Gangguan anxietas sosial

Pilihan terapi pada gangguan ini sangat mirip dengan gangguan panik dengan hanya sedikit
perbedaan. Terapi lini pertama tetap dengan menggunakan SSRI/SNRI, namun pemberian
benzodiazepine sebagai monoterapi tidak dapat diterima. Selain itu terdapat bukti yang
minim kegunaan dari obat antidepresan yang lebih tua seperti antidepresan trisiklik. Terapi
perilaku dan kognitif masih merupakan intervensi yang kuat dan kadang lebih baik dibanding
memberika obat kepada pasien.

Gangguan stress pasca trauma

Terapi psikofarmaologi untuk gangguan stress pasca trauma mungkin secara umum tidak
seefektif untuk gangguan kecemasan jenis lainnya. Selain itu gangguan stress pasca trauma
memiliki komorbiditas yang tinggi seperti depresi, insomnia, penyalahgunaan obat-obatan
dan nyeri. SSRI dan SNRI terbukti efektif dan dianggap sebagai terapi lini pertama, namun
seringkali meninggalkan gejala residual termasuk gangguan tidur. Oleh sebab itu,
kebanyakan pasien dengan gangguan ini jarang menerima terapi tunggal. Pemberian
benzodiazepine harus diberikan secara hati-hati karena terdapat data yang terbatas mengenai
efektifitas dari benzodiazepine pada gangguan stress pasca trauma, terutama mengingat
banyak pasien dengan gangguan ini memiliki riwayat penyalahgunaan obat-obatan. Terapi
yang dapat diberikan untuk gangguan ini adalah α1 antagonists pada malam hari untuk
mencegah mimpi buruk.
Terapi yang dianjurkan pada gangguan stress pasca trauma adalah kombinasi antara
pemberian obat-obatan untuk menangani komorbiditas dan psikoterapi untuk mengatasi
gejala utama.

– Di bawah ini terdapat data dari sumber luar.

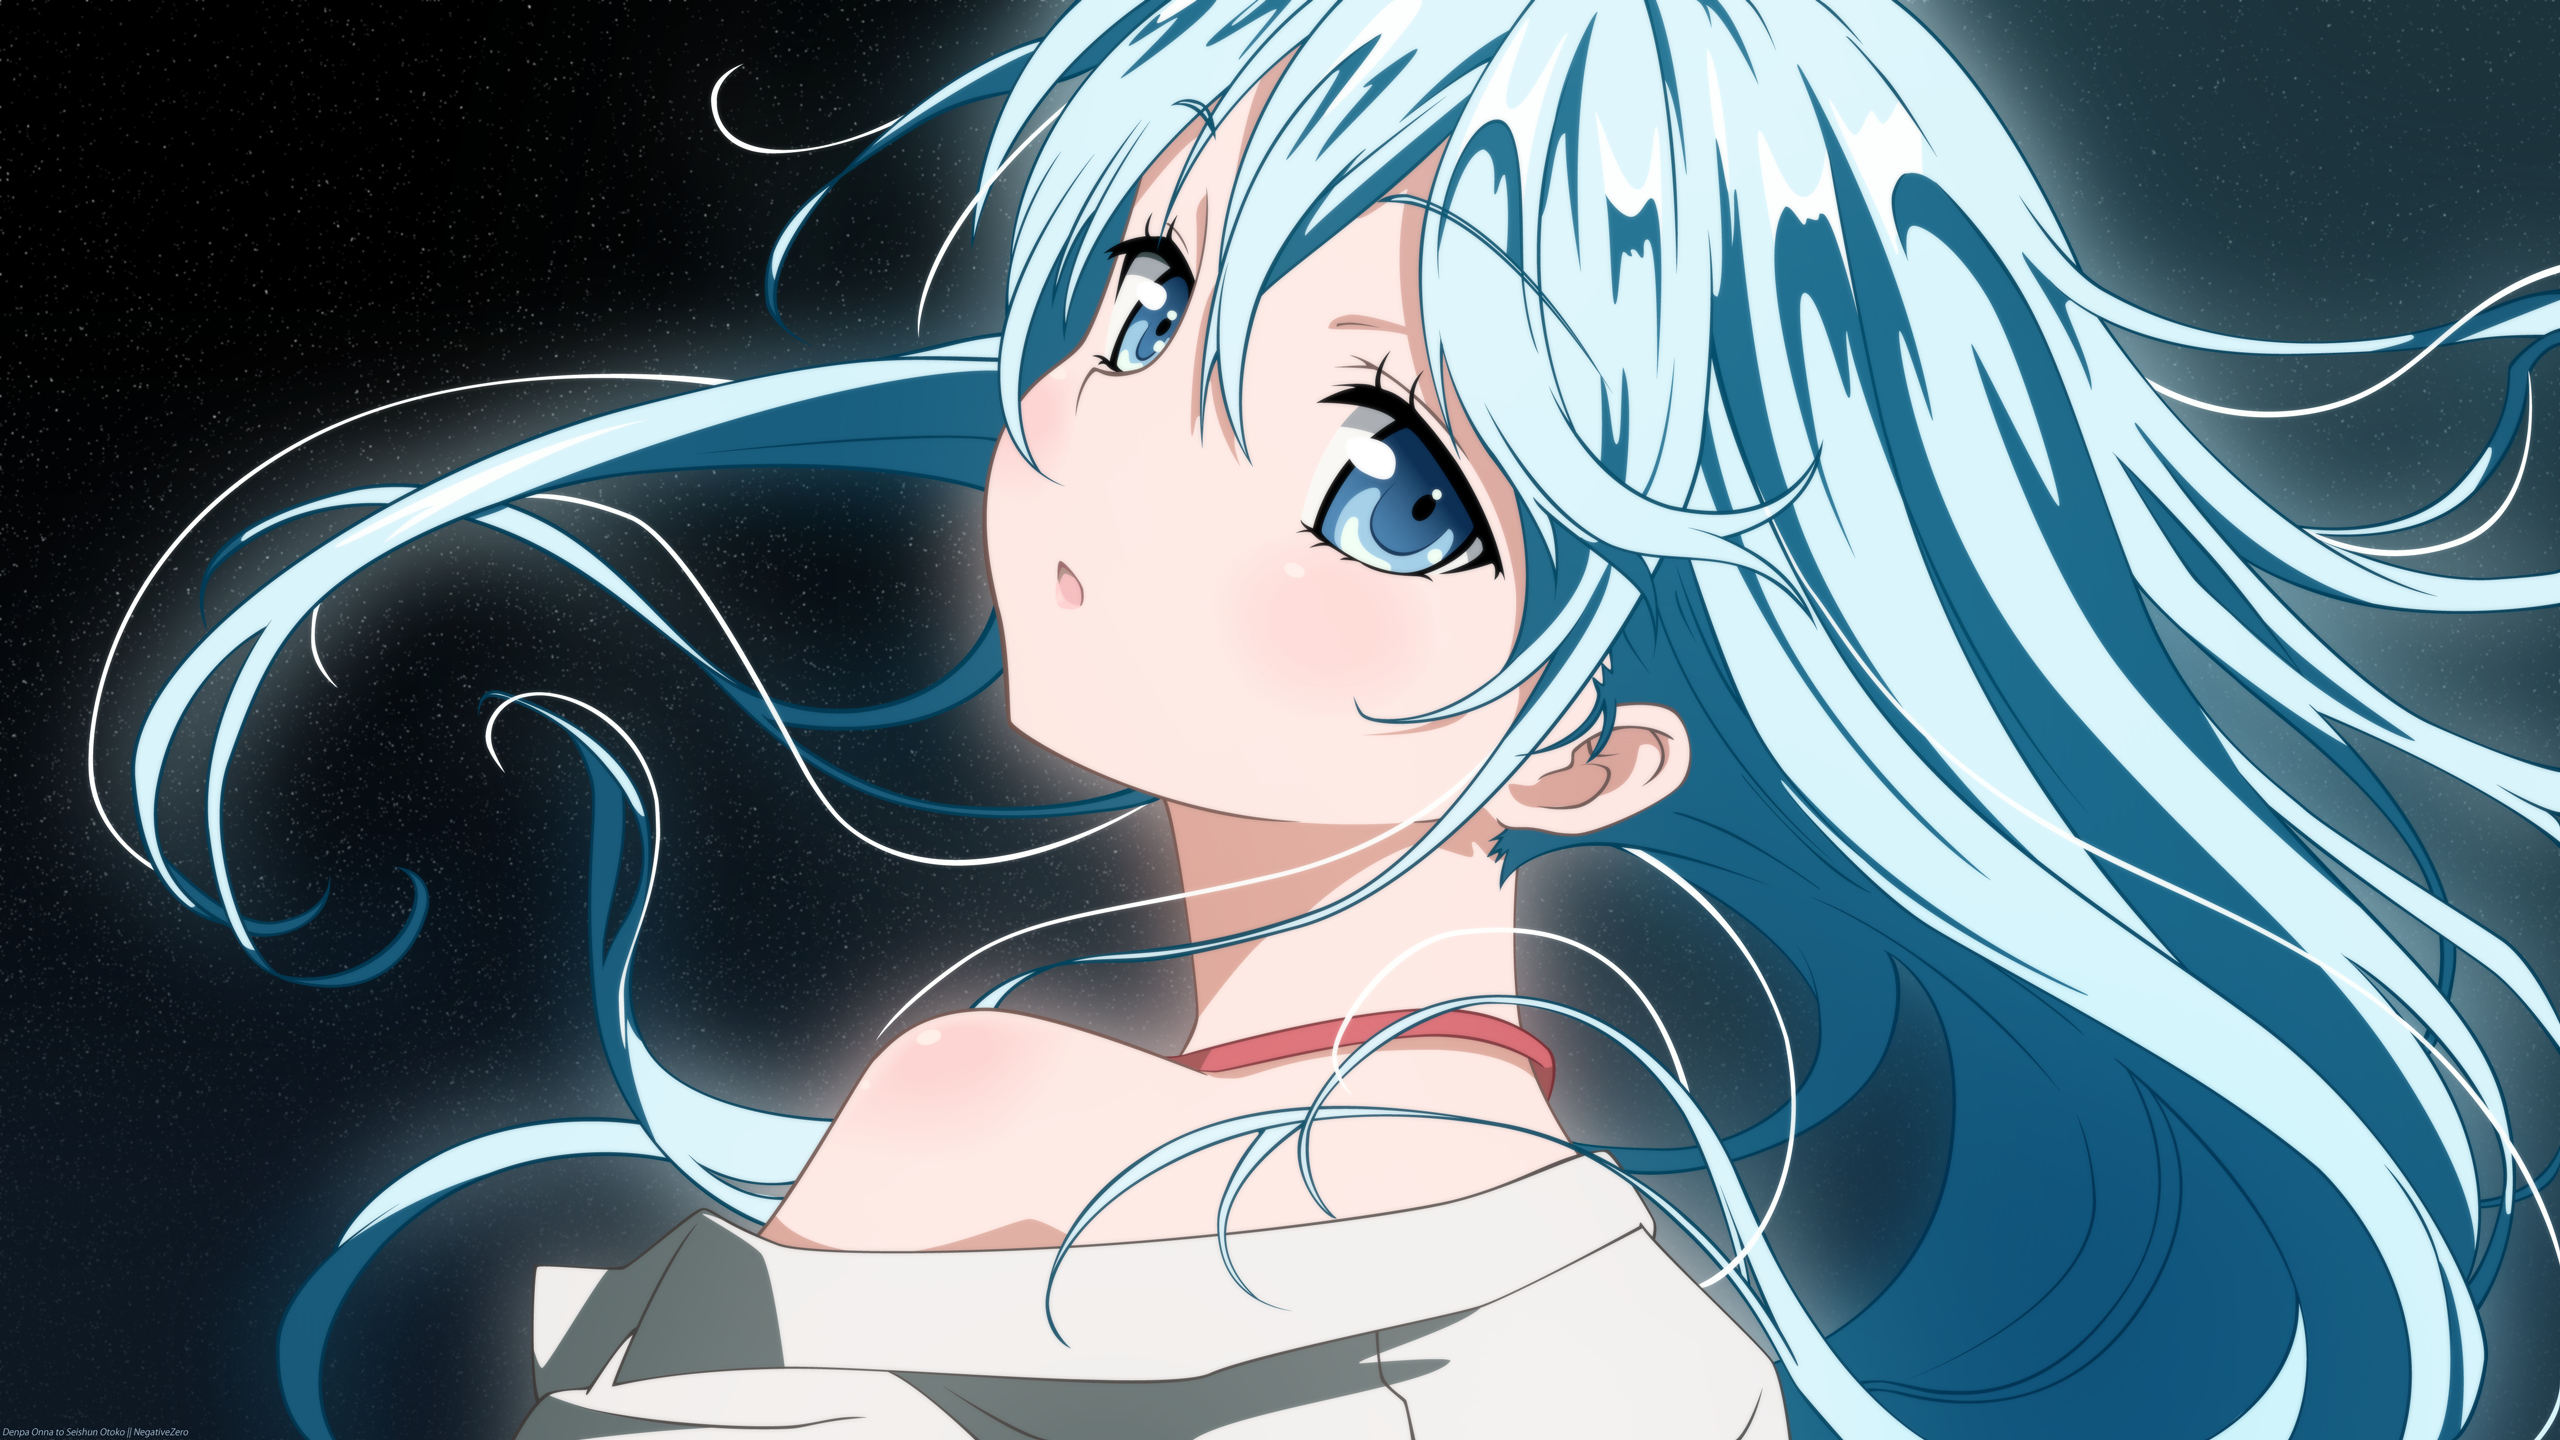 Anime Girl with Blue Eyes and Hair

Terapi paparan mungkin merupakan terapi yang paling efektif diantara
psikoterapi lainnya, namun terapi perilaku kognitif lainnya mungkin diperlukan secara
spesifik terhadap masing-masing individu.

Ringkasan

Gangguan anxietas memiliki gejala inti yaitu ketakutan dan kecemasan yang memiliki
spektrum luas. Amydgala memiliki peranan penting dalam respons ketakutan dan CSTC
diperkirakan memiliki peranan penting dalam memediasi gejala kecemasan. Beberapa
neurotransmitter terlibat dalam meregulasi sirkuit gangguan anxietas. GABA (γ-
aminobutyric acid) adalah neurotransmitter kunci dalam anxietas dan benzodiazepine
memiliki efek anxiolitik dengan bekerja pada sistem neurotransmiter GABA. Serotonin,
norepinephrine, α2δ ligands berperan terhadap voltage-gated calcium channels. Selain itu
regulator lainnya dalam sirkuit anxietas juga berperan dalam tatalaksana gangguan
kecemasan. Konsep penanganan gangguan ini dengan melawan proses fear conditioning
dengan fear extinction pada sirkuit amygdala memberikan suatu lini terapi baru yaitu
kombinasi antara terapi farmakoterapi dan psikoterapi. Beberapa pilihan tatalaksana yang
tersedia untuk gangguan anxietas sangat bervariasi dan dapat digunakan sebagai terapi
terhadap gangguan anxietas lainnya dan gangguan depresi.